Now--enter the real villain, chloride. Cuprous chloride is insoluble in water. Solid CuCl is actually a larger molecule, typically a tetramer. (four of them associated together.) Oxygen can oxidise the cuprous ion to cupric. The cupric ion remains in the structure and reacts with elemental copper forming more cuprous ion. The insoluble copper chloride material just stays there and as the reaction proceeds it "eats" the copper.

The reaction can be written in a somewhat simplified way thus:

Cu⁺ → Cu²⁺ + e⁻
Cu²⁺ + Cu → 2Cu⁺

The O₂ from the atmosphere accepts the electron ( e⁻ ) and the reaction keeps going over and over. Every "turn" of the reaction system ends up converting one metallic copper atom into another cuprous. When given a chance this just keeps making more and more cuprous ion in the form of cuprous chloride and eventually there is a deep pit or hole in the object.
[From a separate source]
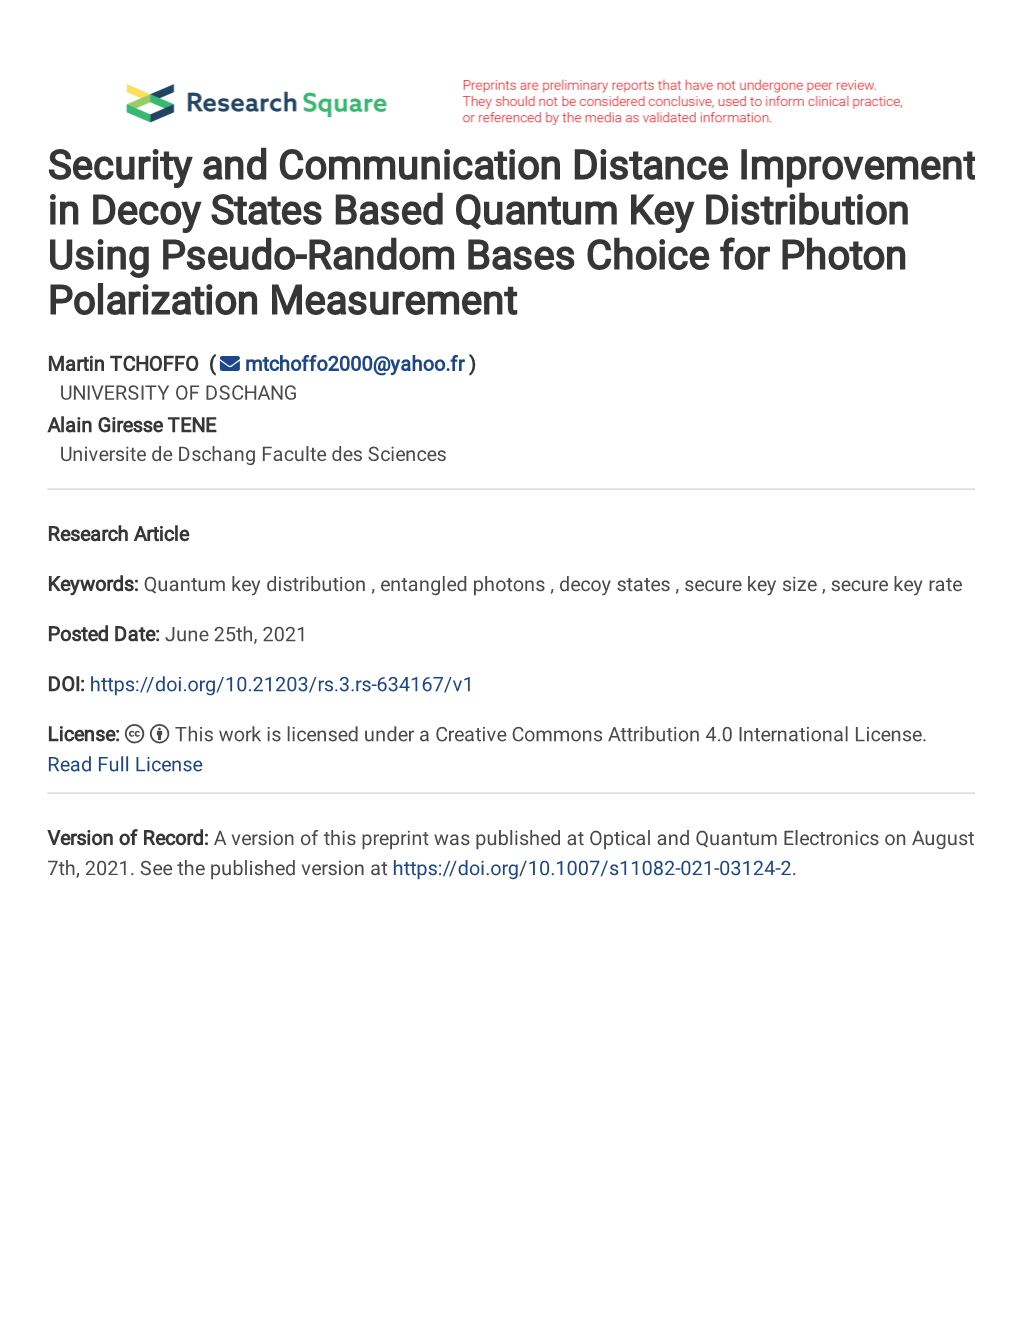 Security and Communication Distance Improvement in Decoy States Based Quantum Key Distribution Using Pseudo-Random Bases Choice for Photon Polarization Measurement

The reaction happens much faster at higher temperatures.

Before people understood chemistry this process was given the name "bronze disease". Remember that brass is really zinc bronze. However, pure copper can also do this. Our University had to replace a lot of copper pipes because this reaction resulted in their developing holes and our having indoor "rain".

This is less likely to occur in slightly alkaline water because the oxide coat can protect better.

Polishing away the pitted area and treatment with strong carbonate solutions, allowing the part to soak for a few hours can be used as treatment.

Robert, thank you for sounding like a professor so that you could fully explain the chemical process. What would you do to patch those holes once the reaction has been stopped?